Wzięłam głęboki łyk piwa i ruszyłam z wolna w jej stronę. Stanęłam koło niej i zamówiłam drinka. Brązowe oczy pochłaniały mnie wzrokiem. Dziewczyna bawiła się słomką, delikatnie ją przegryzając. Odwróciłam się z wolna w jej stronę, patrząc w jej oczy.
Uśmiechnęła się delikatnie, a ja odwzajemniła uśmiech, pytając:

- Co pijesz?

- To samo. - odpowiedziała, a jej oczy zabłysły.

Odwróciłam się w stronę baru, zamawiając podwójna Margaritę. Ciemnooka kontynuowała rozmowę:

- Jesteś tu z kimś?

- To zależy.

- Od czego? - spytała zaskoczona

- Jakie masz później plany. - odpowiedziałam, podając jej drinka.

- Hmmmy... uśmiechnęła się, dodając: - To zależy, co proponujesz?

Nachyliłam się w jej stronę i gdy znajdowałam się zaledwie kilka centymetrów od jej ucha, wyszeptałam:

- Powiedzmy, że chcę ci coś pokazać.

- Jeśli jest tak interesujące, jak ty to może dam się skusić.

- Chodź ze mną, a się przekonasz. - puściłam jej oczko i wyciągnęłam w jej stronę rękę.

Szatynka upiła łyk drinka, po czym wstała i chwyciła moją dłoń, dodając:

- Prowadź.

Chwilę później znalazłyśmy się na parkingu, przed moim samochodem.

- Niezły gust - powiedziała ciemnooka, gdy tylko otworzyłam jej drzwi pasażera.

- Gdybym nie miała dobrego gustu, nie wyszłybyśmy stamtąd razem. - uśmiechnęłam się cwaniacko.

- Zanim wsiądę do twojego samochodu, może powiesz mi, jak masz na imię. Mama nie pozwala mi jeździć z nieznajomymi.

- Wybacz.
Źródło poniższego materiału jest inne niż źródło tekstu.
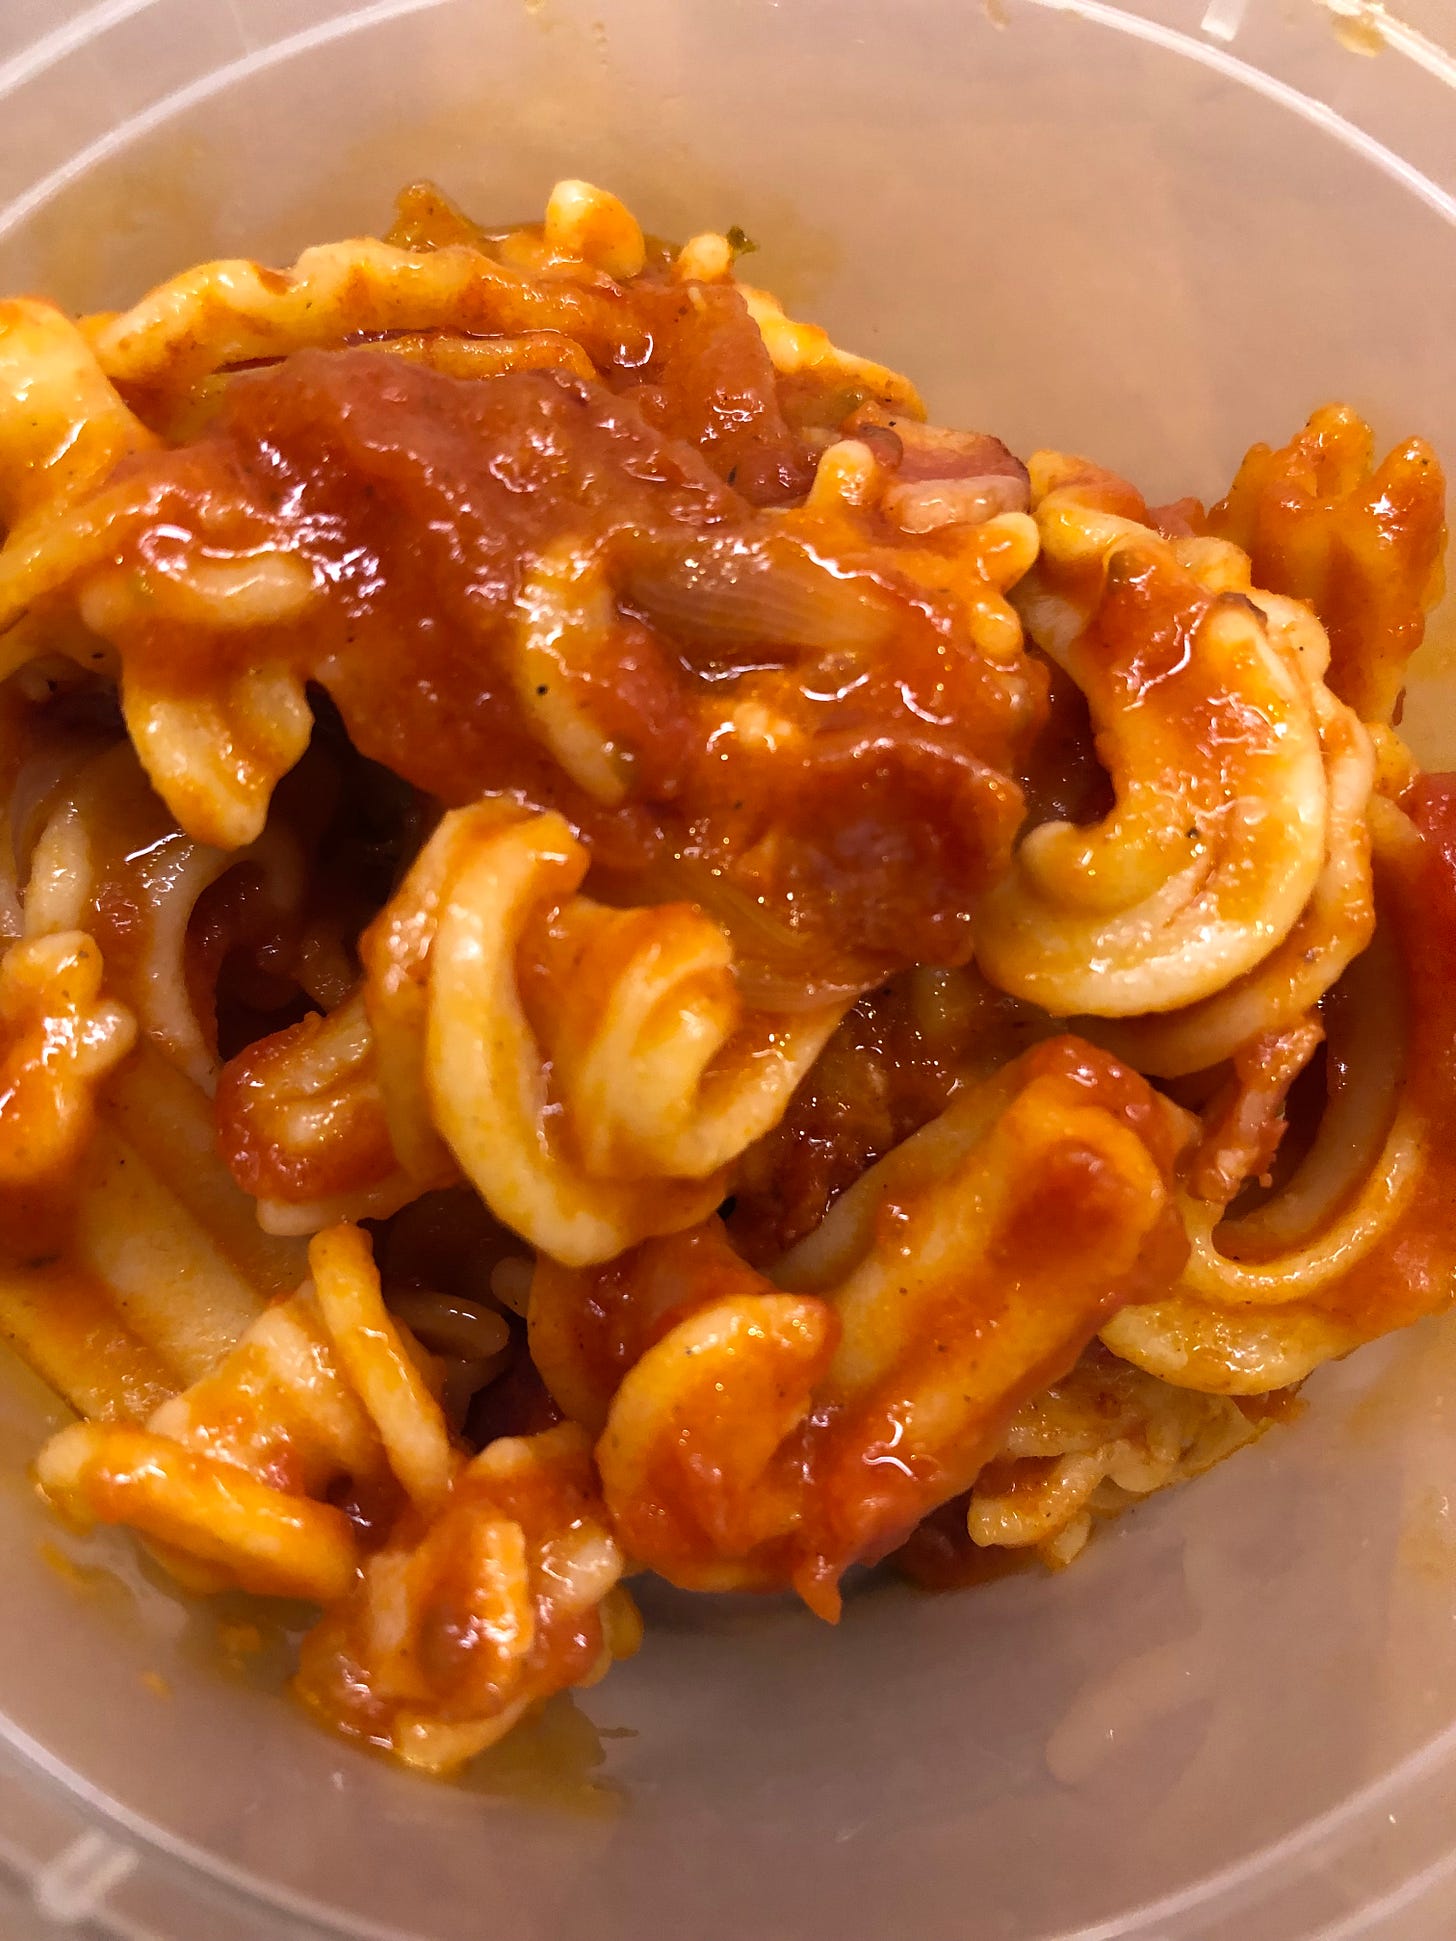 A container full of cascatelli noodles coated in tomato sauce

Jestem Keily.

- Miło mi nazywam się Melisa. - po tych słowach wsiadła do samochodu i zamknęłam za nią drzwi, pospiesznie zajmując miejsce kierowcy.

Jechałyśmy chwilę w ciszy, słuchając muzyki w radiu.
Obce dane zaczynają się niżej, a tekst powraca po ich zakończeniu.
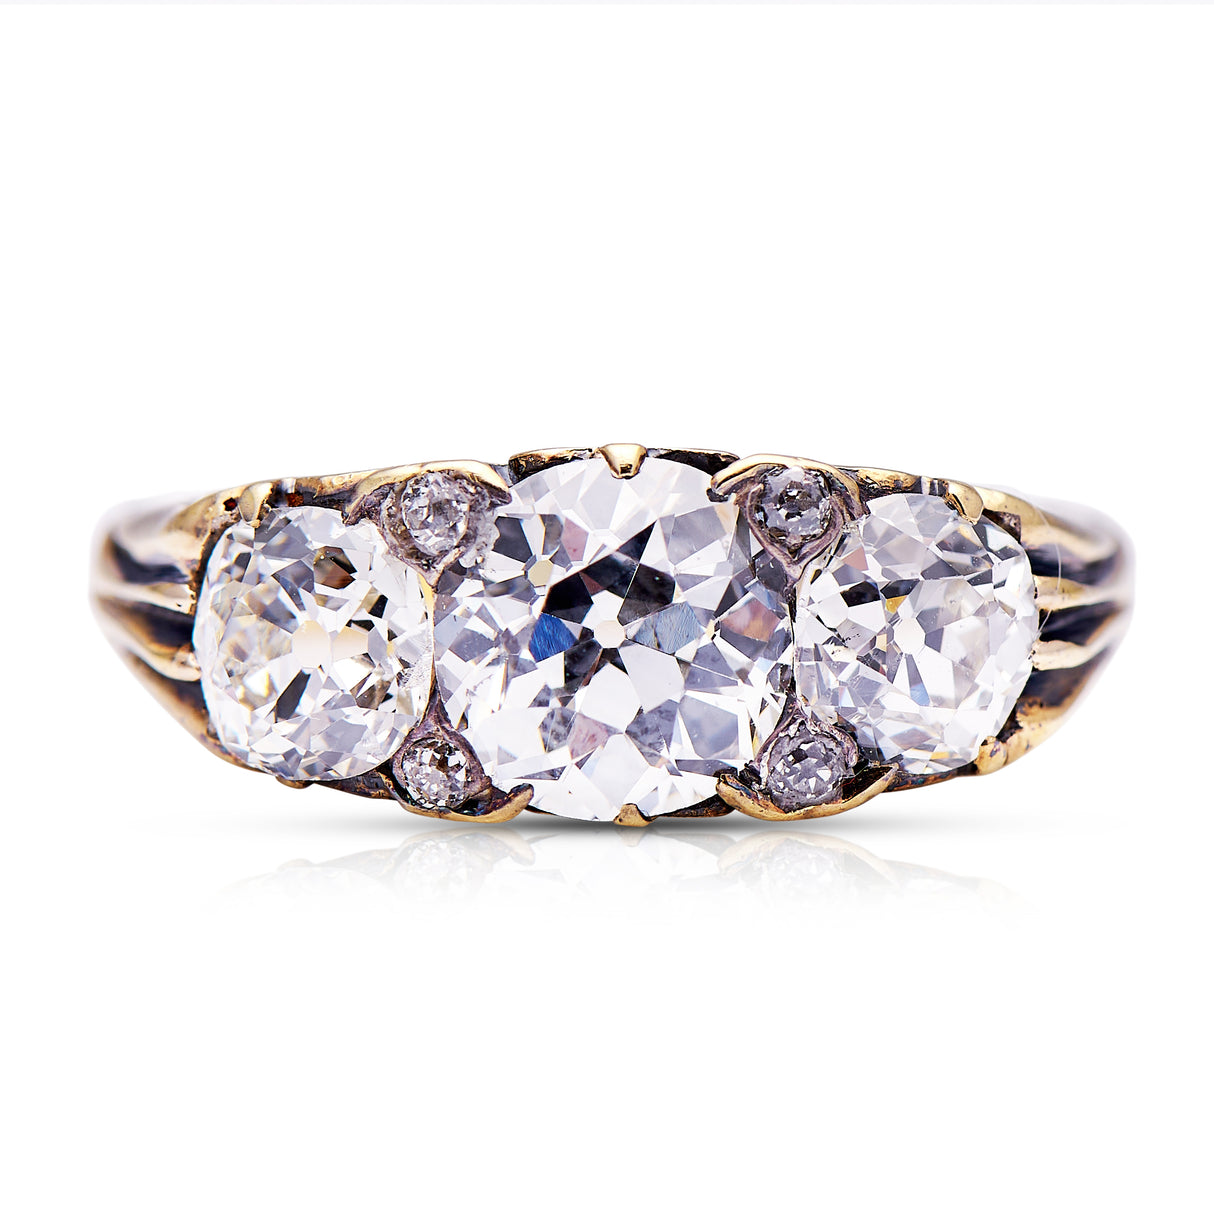 An Exceptional Victorian Diamond Three-Stone Engagement Ring, 18ct Yellow Gold

-Dokąd mnie zabierasz? - spytała, nie ukrywając zaciekawienia.

- Za chwilkę tam będziemy.

Zjechałam na pobocze i zaparkowała, koło domku na plaży.

- Masz ochotę na spacer? -spytałam

- Nie jest za zimno?

- Nie martw się, ogrzeje cię. Poza tym mam koc w bagażniku - zwinnym ruchem wyjęłam go i zarzuciłam na jej ramiona.

Spacerowałyśmy po plaży, gdy dziewczyna chwyciła mnie za rękę. Bez chwili namysłu stanęłam i przyciągnęłam ją do siebie. Nasze usta spotkały się, a każdy pocałunek stawał się pewniejszy i głębszy. Odchyliłam ją lekko do tyłu, powoli kładąc na ziemi. Była posłuszna moim ruchom. Chwile później pieściłam ją w blasku księżyca i szumie łamiących się fal.

***
Riliana

Wiadomość od Pati:

- Hej, gdzie jesteś? - na wyświetlaczu mojego telefonu pojawiła się kolejna wiadomość.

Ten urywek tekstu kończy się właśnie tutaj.